14. Similarly, the Tribunal erred when approaching the issue of the child. The child had not been conceived at the date of application and although the appellant was pregnant at the date of decision the Tribunal there was no actual child to take into account at that date.

15. At paragraph [57] of SS (Congo) and others [2015] EWCA 387 the Court of Appeal stated-

"In certain of the appeals before us, the respondents said that improvements in the position of their sponsors were on the horizon, so that there appeared to be a reasonable prospect that within a period of weeks or months they would in fact be able to satisfy the requirements of the Rules. They maintained that the Secretary of State should have taken this into account when deciding whether to grant LTE outside the Rules. In our judgment, however, this affords very weak support for a claim for grant of LTE outside the Rules. The Secretary of State remains entitled to enforce the Rules in the usual way, to say that the Rules have not been satisfied and that the applicant should apply again when the circumstances have indeed changed. This reflects a fair balance between the interests of the individual and the public interest. The Secretary of State is not required to take a speculative risk as to whether the requirements in the Rules will in fact be satisfied in the future when deciding what to do. Generally, it is fair that the applicant should wait until the circumstances have changed and the requirements in the Rules are satisfied and then apply, rather than attempting to jump the queue by asking for preferential treatment outside the Rules in advance."

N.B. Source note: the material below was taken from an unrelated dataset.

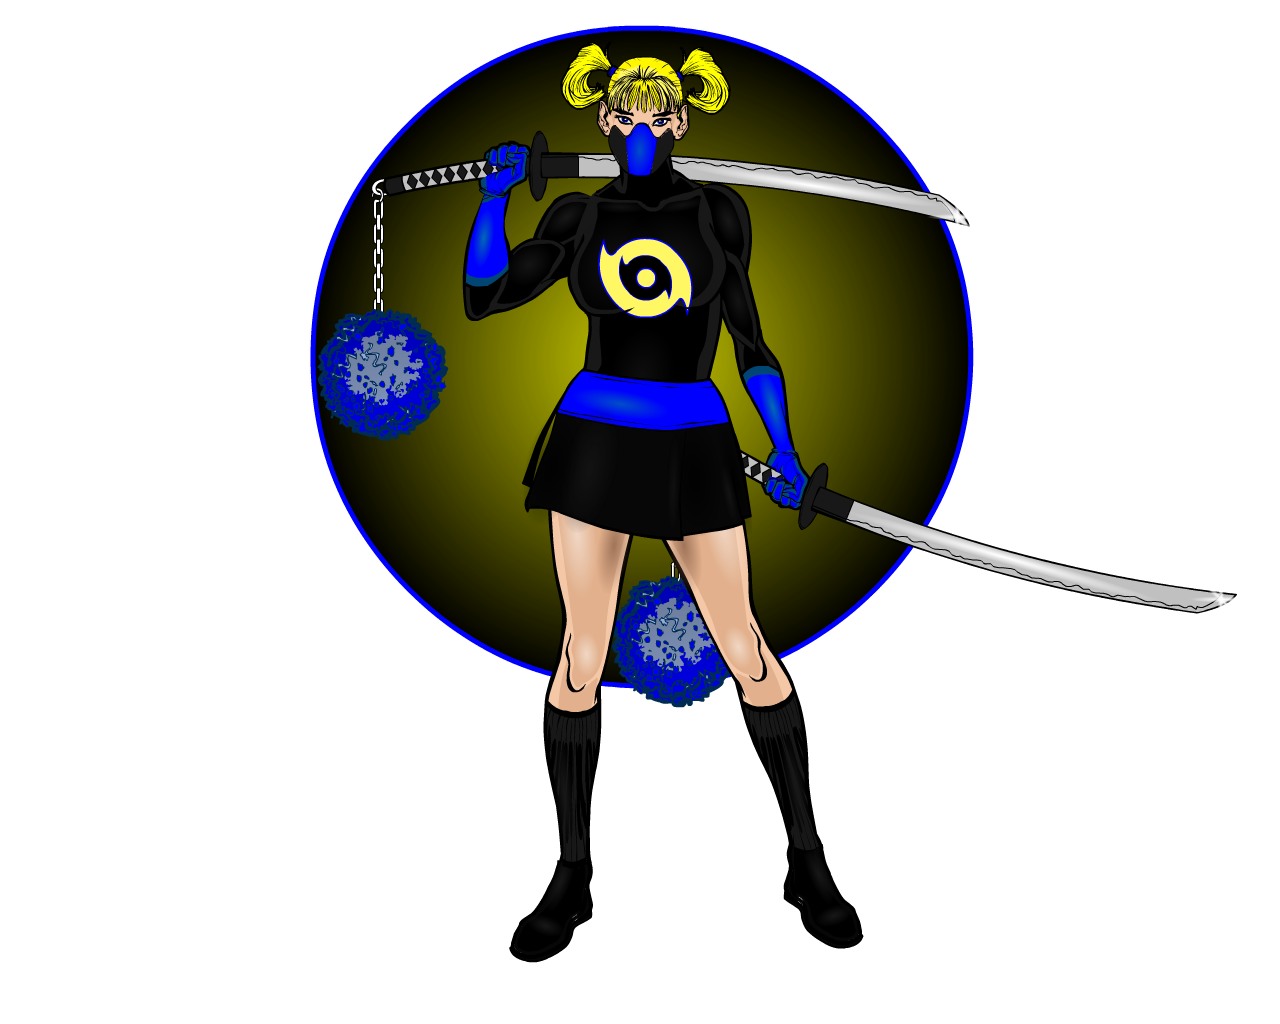 http://www.heromachine.com/wp-content/legacy/forum-image-uploads/headlessgeneral/2012/04/Cheerleader-Ninja.png

16. The Court of Appeal in SS further reiterated that to allow the appeal outside of the Rules there had to be compelling circumstances.

17. The appellant did not meet the Rules as at the date of decision. Mr Islam submitted that he preferred to live here because he had been born because he was British and his family lived here and he had nothing in Bangladesh whereas he and his wife could both live and work here.

18. The material relied on to allow this appeal included the fact the family simply preferred to live in the United Kingdom but there is no requirement under Article 8 that such a preference should be accommodated. Accordingly, for the reasons set out above I allow the respondent's appeal today.

19. I have gone onto consider whether there were any compelling circumstances requiring the grant of leave to enter outside the Rules. The Rules were not met at the relevant time and the fact the Rules may be met now is not a reason to allow the appeal. In R (on the application of Chen) v Secretary of State for the Home Department (Appendix FM - Chikwamba - temporary separation - proportionality) (IJR) [2015] UKUT 189 the Tribunal made it clear that a party seeking to argue that a temporary separation would interfere disproportionately with protected rights had to place before the Tribunal evidence and it was not enough to simply rely on Chikwamba v SSHD [2008] UKHL 40.

20. Any article 8 assessment must take place against the facts existing as at the date of decision. The mere fact the Rules were met and there was a child were not factors to have regard to when considering the claim under article 8 ECHR as this was an entry clearance application.

21. If the appellant now meets the Rules then she should submit the correct application with the correct fee and documents. It is not disproportionate to refuse this appeal under article 8 ECHR.

DECISION

22. There was a material error and I set aside the earlier decision allowing the appeal under article 8 ECHR.

23. I uphold the decision to dismiss the application under the Rules and I dismiss the appeal under article 8 ECHR.




Signed:



Deputy Upper Tribunal Judge Alis

FEE AWARD

I make no fee award as dismissed the appeal.